- #1
brownrebecca333
- 1
- 0
Homework help please: If I want to have $60,000 in 8 years, how much would I need to deposit in the bank today if the account pays an interest rate of 9%?
brownrebecca333 said:Homework help please: If I want to have $60,000 in 8 years, how much would I need to deposit in the bank today if the account pays an interest rate of 9%?
60000/((1 + .09/f)^(8*f)) where f = compounding frequencybrownrebecca333 said:Homework help please: If I want to have $60,000 in 8 years, how much would I need to deposit in the bank today if the account pays an interest rate of 9%?
To calculate the principal, you can use the formula P = A / (1 + r)^n, where P represents the principal, A represents the amount, r represents the interest rate, and n represents the number of compounding periods. Plug in the values for A, r, and n to solve for P.
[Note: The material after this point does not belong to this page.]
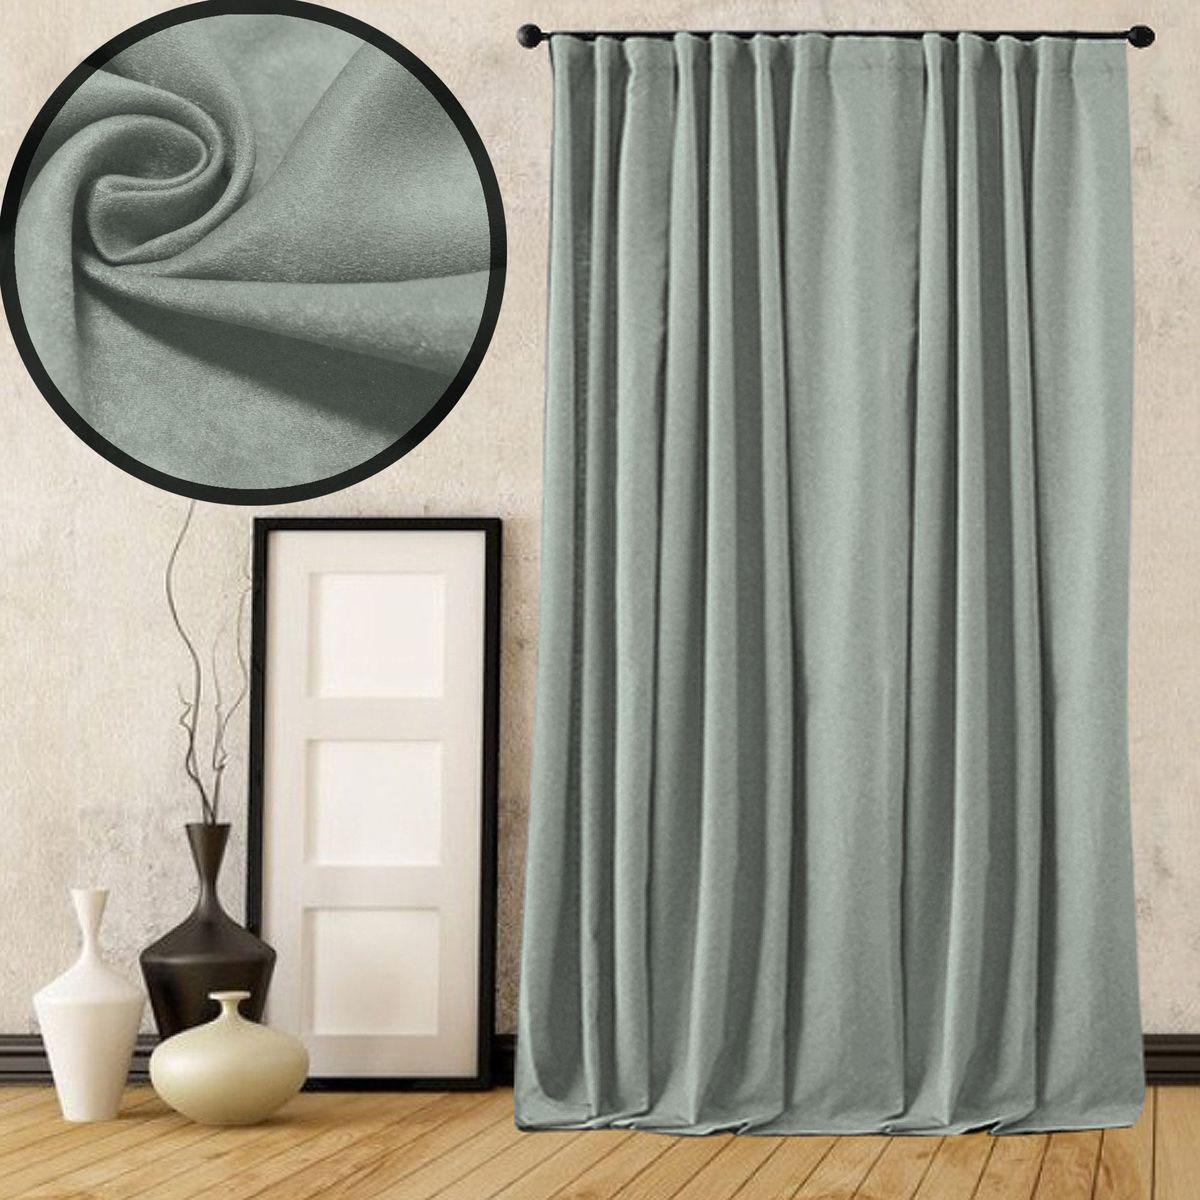 Портьера Amore Mio, 200 х 270 см, 1 шт., цвет: серый. 7751077510

Simple interest is calculated based on the original principal amount, while compound interest takes into account the accumulated interest from previous periods. This means that compound interest will result in a higher total amount paid over time compared to simple interest.
The interest rate directly affects the principal amount by determining the amount of interest that will be added to the principal over time. A higher interest rate will result in a higher principal amount.
Yes, the principal amount can change over time if there are additional deposits or withdrawals made to the account. However, the initial principal amount will remain the same unless there are any changes in the interest rate or compounding periods.
Most financial calculators have a function specifically for calculating the principal amount. To use this function, input the values for the amount, interest rate, and number of compounding periods, and the calculator will automatically solve for the principal amount.